An Empirical Game-Theoretic Analysis of Autonomous Cyber-Defence Agents
Gregory Palmer, Luke Swaby, Daniel J. B. Harrold, Matthew Stewart, Alex Hiles, Chris Willis, Ian Miles, Sara Farmer
TL;DR
This work addresses the challenge of learning robust autonomous cyber-defence policies in adversarial, high-dimensional settings by framing ACD as a partially observable Markov game and applying an empirical game-theoretic analysis with a principled double oracle (DO) backbone. It extends DO with multiple response oracles (MRO) and introduces value-function based potential-based reward shaping (VF-PBRS) along with pre-trained model sampling (PTMs) to accelerate convergence and improve policy robustness. Through empirical studies on CybORG CAGE CC2 and CC4 environments, the authors demonstrate that VF-PBRS and PTMs can yield stronger, more generalisable Blue policies and that MRO preserves convergence guarantees while enabling richer policy mixtures. The findings underscore the importance of adversarially evaluating ACD approaches against diverse, worst-case attackers and highlight practical considerations for deployment, including computation, ensemble design, and ethical implications of adversarial learning in high-fidelity cyber environments.
Abstract
The recent rise in increasingly sophisticated cyber-attacks raises the need for robust and resilient autonomous cyber-defence (ACD) agents. Given the variety of cyber-attack tactics, techniques and procedures (TTPs) employed, learning approaches that can return generalisable policies are desirable. Meanwhile, the assurance of ACD agents remains an open challenge.
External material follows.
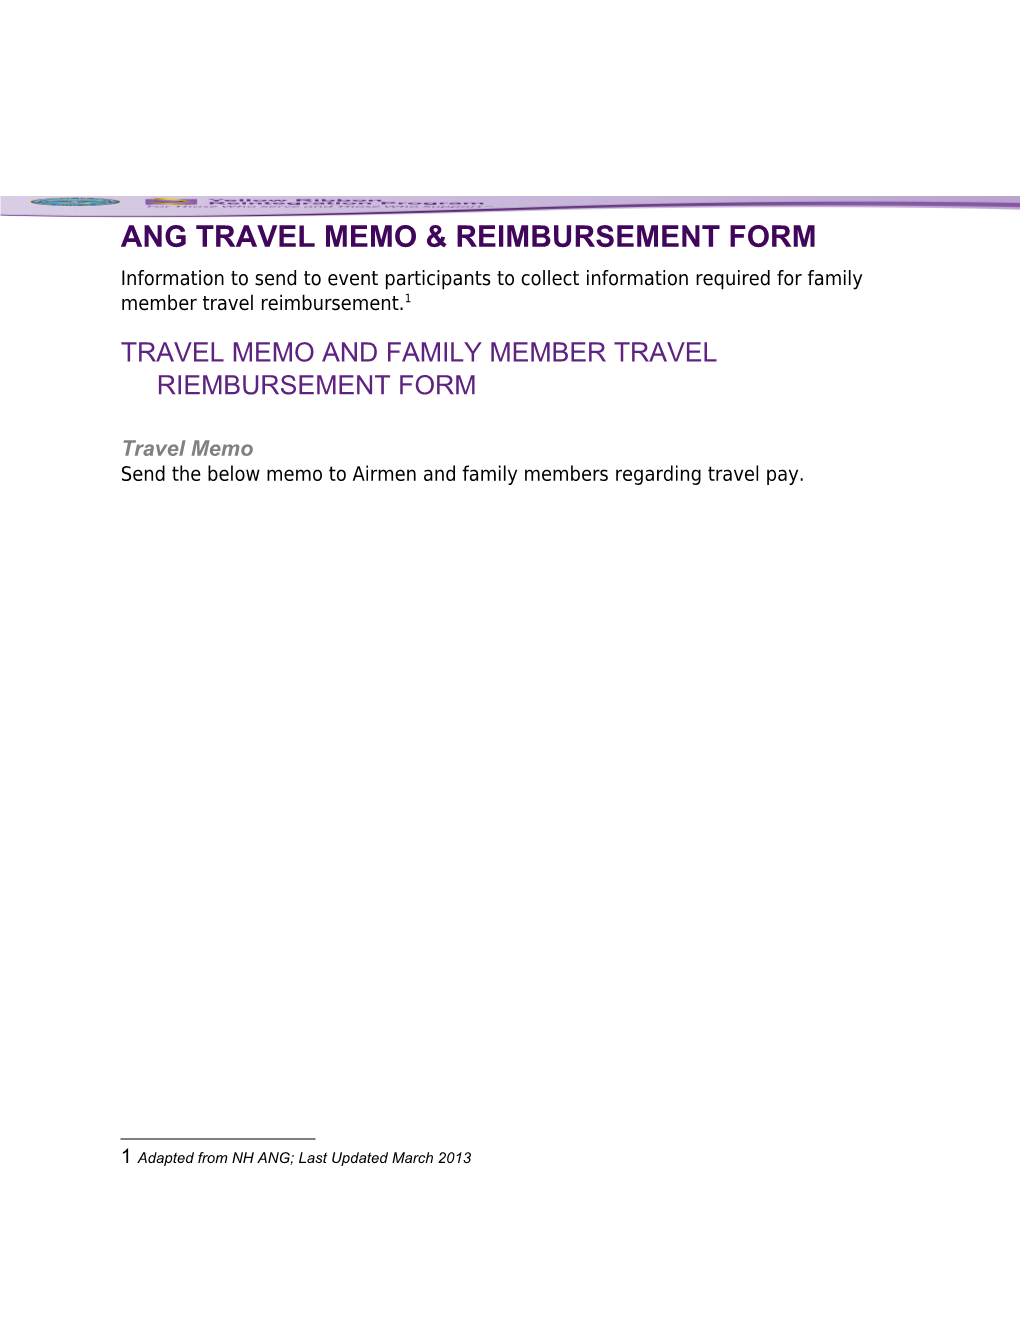 ANG Travel Memo & Reimbursement Form

We address both challenges via an empirical game-theoretic analysis of deep reinforcement learning (DRL) approaches for ACD using the principled double oracle (DO) algorithm. This algorithm relies on adversaries iteratively learning (approximate) best responses against each others' policies; a computationally expensive endeavour for autonomous cyber operations agents. In this work we introduce and evaluate a theoretically-sound, potential-based reward shaping approach to expedite this process. In addition, given the increasing number of open-source ACD-DRL approaches, we extend the DO formulation to allow for multiple response oracles (MRO), providing a framework for a holistic evaluation of ACD approaches.